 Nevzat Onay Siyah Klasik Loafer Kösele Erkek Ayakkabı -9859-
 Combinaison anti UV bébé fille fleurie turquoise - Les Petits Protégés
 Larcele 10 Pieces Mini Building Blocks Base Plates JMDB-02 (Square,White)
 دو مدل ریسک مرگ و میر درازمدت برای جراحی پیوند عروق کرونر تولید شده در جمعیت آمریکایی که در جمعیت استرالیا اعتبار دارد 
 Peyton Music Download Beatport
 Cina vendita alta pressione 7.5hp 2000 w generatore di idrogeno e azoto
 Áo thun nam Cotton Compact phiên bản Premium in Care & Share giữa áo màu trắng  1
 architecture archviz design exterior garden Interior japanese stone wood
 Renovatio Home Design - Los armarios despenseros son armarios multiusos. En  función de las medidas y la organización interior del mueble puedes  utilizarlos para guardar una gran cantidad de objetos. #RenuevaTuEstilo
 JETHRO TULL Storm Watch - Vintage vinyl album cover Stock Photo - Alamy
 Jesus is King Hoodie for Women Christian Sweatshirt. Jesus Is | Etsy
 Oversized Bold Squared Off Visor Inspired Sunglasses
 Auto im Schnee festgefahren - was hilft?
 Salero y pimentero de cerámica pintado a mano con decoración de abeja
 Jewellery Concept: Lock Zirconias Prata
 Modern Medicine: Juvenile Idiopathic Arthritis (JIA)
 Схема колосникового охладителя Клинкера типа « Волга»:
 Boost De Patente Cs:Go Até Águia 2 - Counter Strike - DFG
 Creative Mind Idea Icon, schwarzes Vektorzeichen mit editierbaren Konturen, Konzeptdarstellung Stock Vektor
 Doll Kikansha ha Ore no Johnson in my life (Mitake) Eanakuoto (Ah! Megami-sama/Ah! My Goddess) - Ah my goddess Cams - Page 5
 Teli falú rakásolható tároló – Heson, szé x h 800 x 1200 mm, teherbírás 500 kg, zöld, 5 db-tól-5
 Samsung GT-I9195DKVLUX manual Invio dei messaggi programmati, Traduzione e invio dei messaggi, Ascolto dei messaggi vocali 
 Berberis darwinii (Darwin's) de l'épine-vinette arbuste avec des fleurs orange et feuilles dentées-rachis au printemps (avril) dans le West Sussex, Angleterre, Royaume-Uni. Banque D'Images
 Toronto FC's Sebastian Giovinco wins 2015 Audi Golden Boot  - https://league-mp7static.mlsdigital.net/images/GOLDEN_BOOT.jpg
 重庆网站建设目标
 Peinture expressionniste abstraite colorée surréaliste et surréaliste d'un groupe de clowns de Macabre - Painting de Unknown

----

PROMPT – All of the entries above should be written out again exactly.

WRITTEN RESPONSE –
 Nevzat Onay Siyah Klasik Loafer Kösele Erkek Ayakkabı -9859-
 Combinaison anti UV bébé fille fleurie turquoise - Les Petits Protégés
 Larcele 10 Pieces Mini Building Blocks Base Plates JMDB-02 (Square,White)
 دو مدل ریسک مرگ و میر درازمدت برای جراحی پیوند عروق کرونر تولید شده در جمعیت آمریکایی که در جمعیت استرالیا اعتبار دارد 
 Peyton Music Download Beatport
 Cina vendita alta pressione 7.5hp 2000 w generatore di idrogeno e azoto
 Áo thun nam Cotton Compact phiên bản Premium in Care & Share giữa áo màu trắng  1
 architecture archviz design exterior garden Interior japanese stone wood
 Renovatio Home Design - Los armarios despenseros son armarios multiusos. En  función de las medidas y la organización interior del mueble puedes  utilizarlos para guardar una gran cantidad de objetos. #RenuevaTuEstilo
 JETHRO TULL Storm Watch - Vintage vinyl album cover Stock Photo - Alamy
 Jesus is King Hoodie for Women Christian Sweatshirt. Jesus Is | Etsy
 Oversized Bold Squared Off Visor Inspired Sunglasses
 Auto im Schnee festgefahren - was hilft?
 Salero y pimentero de cerámica pintado a mano con decoración de abeja
 Jewellery Concept: Lock Zirconias Prata
 Modern Medicine: Juvenile Idiopathic Arthritis (JIA)
 Схема колосникового охладителя Клинкера типа « Волга»:
 Boost De Patente Cs:Go Até Águia 2 - Counter Strike - DFG
 Creative Mind Idea Icon, schwarzes Vektorzeichen mit editierbaren Konturen, Konzeptdarstellung Stock Vektor
 Doll Kikansha ha Ore no Johnson in my life (Mitake) Eanakuoto (Ah! Megami-sama/Ah! My Goddess) - Ah my goddess Cams - Page 5
 Teli falú rakásolható tároló – Heson, szé x h 800 x 1200 mm, teherbírás 500 kg, zöld, 5 db-tól-5
 Samsung GT-I9195DKVLUX manual Invio dei messaggi programmati, Traduzione e invio dei messaggi, Ascolto dei messaggi vocali 
 Berberis darwinii (Darwin's) de l'épine-vinette arbuste avec des fleurs orange et feuilles dentées-rachis au printemps (avril) dans le West Sussex, Angleterre, Royaume-Uni. Banque D'Images
 Toronto FC's Sebastian Giovinco wins 2015 Audi Golden Boot  - https://league-mp7static.mlsdigital.net/images/GOLDEN_BOOT.jpg
 重庆网站建设目标
 Peinture expressionniste abstraite colorée surréaliste et surréaliste d'un groupe de clowns de Macabre - Painting de Unknown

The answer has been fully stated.